AUGUSTA – Its season went from horribly weird to Hollywood in two weeks.

Now, the Leavitt Area High School boys’ basketball team hopes to secure more than a minor speaking role at the Augusta Civic Center.

Thirteen days after first taking the court with an interim head coach and not completely assured of a tournament berth, Leavitt hit the road Thursday night and bounced one of last year’s regional finalists.

The Hornets played well enough in that 67-59 win at Brunswick that they could have beaten or at least thrown a scare into every other team in the Eastern Class A field. No. 10 Leavitt hopes to prove that today when it tries to topple No. 2 Bangor in a 5:30 p.m. quarterfinal.

“We have a lot of seniors on this team, and they really pulled it together,” said coach Christian Gurney, whose Hornets are 3-1 with three straight wins under his tutelage. “They just wanted to finish their final season on a strong note. I am so proud of them. This is well deserved.”

Leavitt was 7-8 when fourth-year head coach Mike Remillard was dismissed Jan. 31, eight days after what school administrators said was an inappropriate halftime speech.

Tyler Millett, Cameron Angell and Matt Nash lead the Hornets into what the three hope will not be the final game of their careers. The trio combined for 55 points against Brunswick. Nash distributed the ball on a dime and dished out 16 assists.

“I was on the team when we went to Bangor for the quarterfinals my sophomore year, but senior year is different,” Angell said. “I’ve been playing basketball with these guys since second grade, so I don’t really want it to end.”

In other Eastern A boys’ quarterfinal action, No. 3 Mt. Blue meets No. 6 Gardiner at 4 p.m.

The Tigers are another team that put together a late-season run after a rash of controversy in the early going.

Head coach Dana Doran and his top two assistants stepped down just prior to Gardiner’s season opener when Doran was told he could not enforce a rule requiring players to cut their hair.

Pat McNally, father of University of Maine recruit and 6-foot-9 Sean McNally, has coached the Tigers to eight straight wins and a 12-7 mark overall.

In the night session, Cony meets Messalonskee at 8 p.m. and No. 1 Edward Little tries to end Hampden’s two-year reign as regional champion at 9:30 p.m.

Mixed returns

Two of the state’s premier Eastern Class A girls’ basketball players returned to the court Friday after missing drastically different amounts of time with dramatically different medical issues.

The results contrasted like Cony red and Morse royal blue, too.

Cassie Cooper, the 6-foot-2 Cony senior who has played sparingly since injuring her ankle Dec. 29, rejoined the starting lineup Friday afternoon with a vengeance.

Cooper chalked up 13 points, four rebounds and four steals in the No. 2 Rams’ 74-32 quarterfinal rout of the No. 7 Shipbuilders.

Cooper is headed for Division I Dartmouth College on a basketball scholarship.

Ross, the lone senior on Morse’s roster, averaged 14 points and nearly five assists per game to earn KVAC South Player of the Year honors.

Her season took a scary turn prior to a preliminary-round win over Nokomis, when Ross was sidelined due to chest pains.

She received medical clearance to play Friday but didn’t start. Ross played in short spurts, was held scoreless in the first half and finished with three points and three assists.

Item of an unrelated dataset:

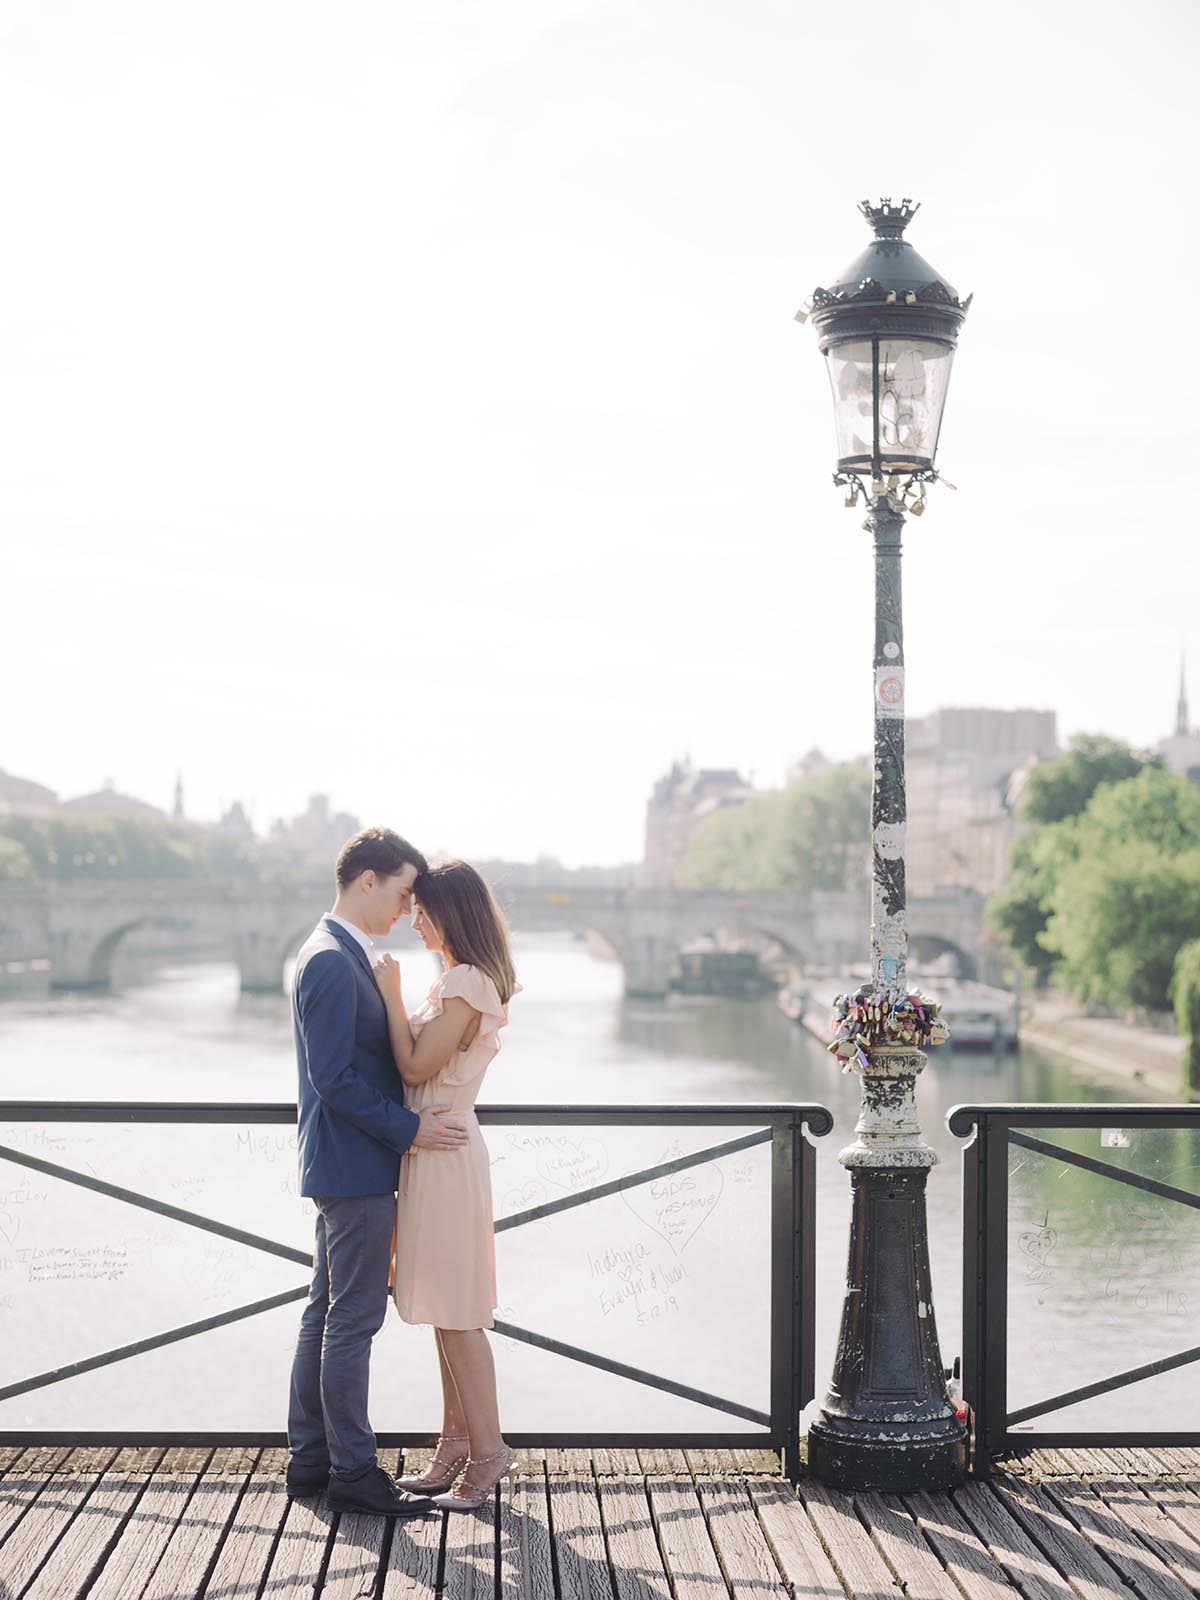 deux personnes s'embrassent sur le pont de bir hakeim
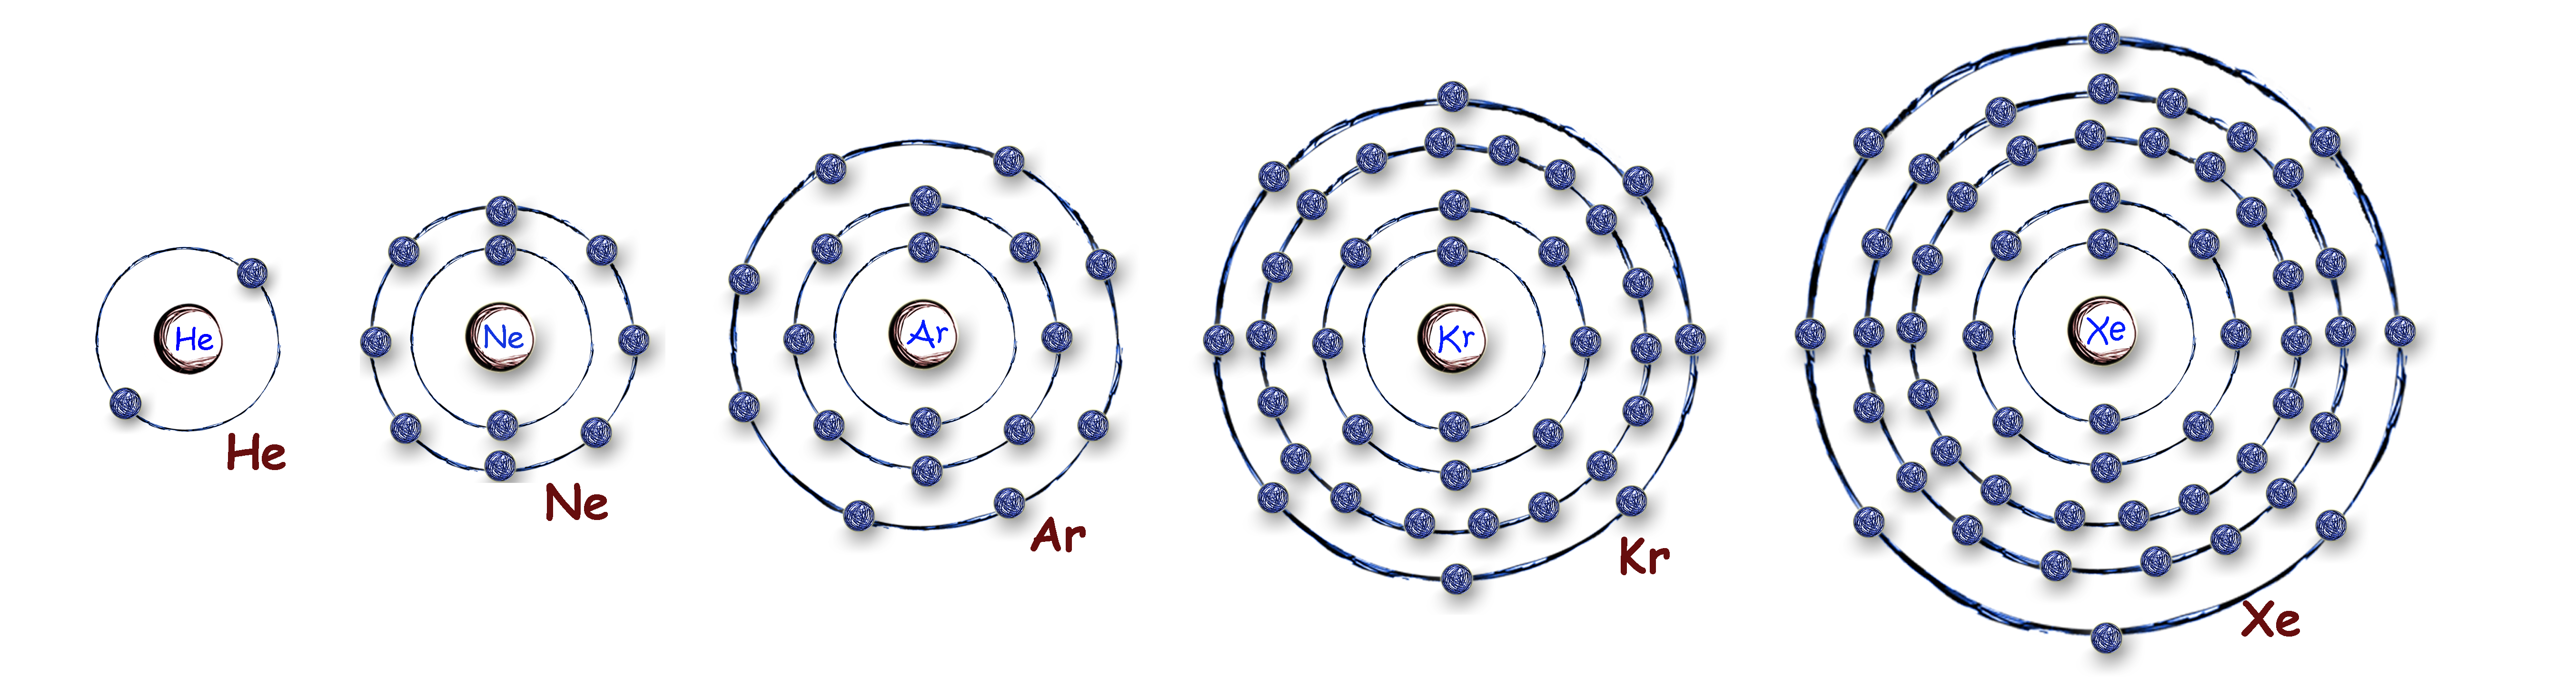 Планетарная модель атома гелия. Атомная модель гелия. Модель строения атома гелия. Атом гелия строение атома. Модель атома гелия

Cony experienced a similar lesson on the life-versus-basketball scale last February, when Kristi Violette fell into a diabetic coma only three days after the quarterfinal round and missed the remainder of the playoffs.

Violette, who is the sister of Central Maine Community College men’s basketball standout Kaleb Violette, has made a full recovery. She put together 16 points and 17 rebounds against Morse.

Lucky 13

The Cindy Curse is over.

Lawrence High School had not won a girls’ basketball tournament game from the quarterfinal round onward, before or after Cindy Blodgett led the Bulldogs to four straight Class A championships from 1991 to 1994.

Lawrence ended its 13-year drought and erased that little oddity from the record books Friday night with a 46-44 win over Skowhegan. Not that the win came easily.

The Bulldogs went 0-for-9 from the field in second quarter and actually extended their lead from three to five points thanks to a flurry of free throws.

Alexa Bernatchez scored 15 of her 19 points in the second half, and Brogan Liberty notched nine of her 11 in the fourth quarter to help the Bulldogs hang on.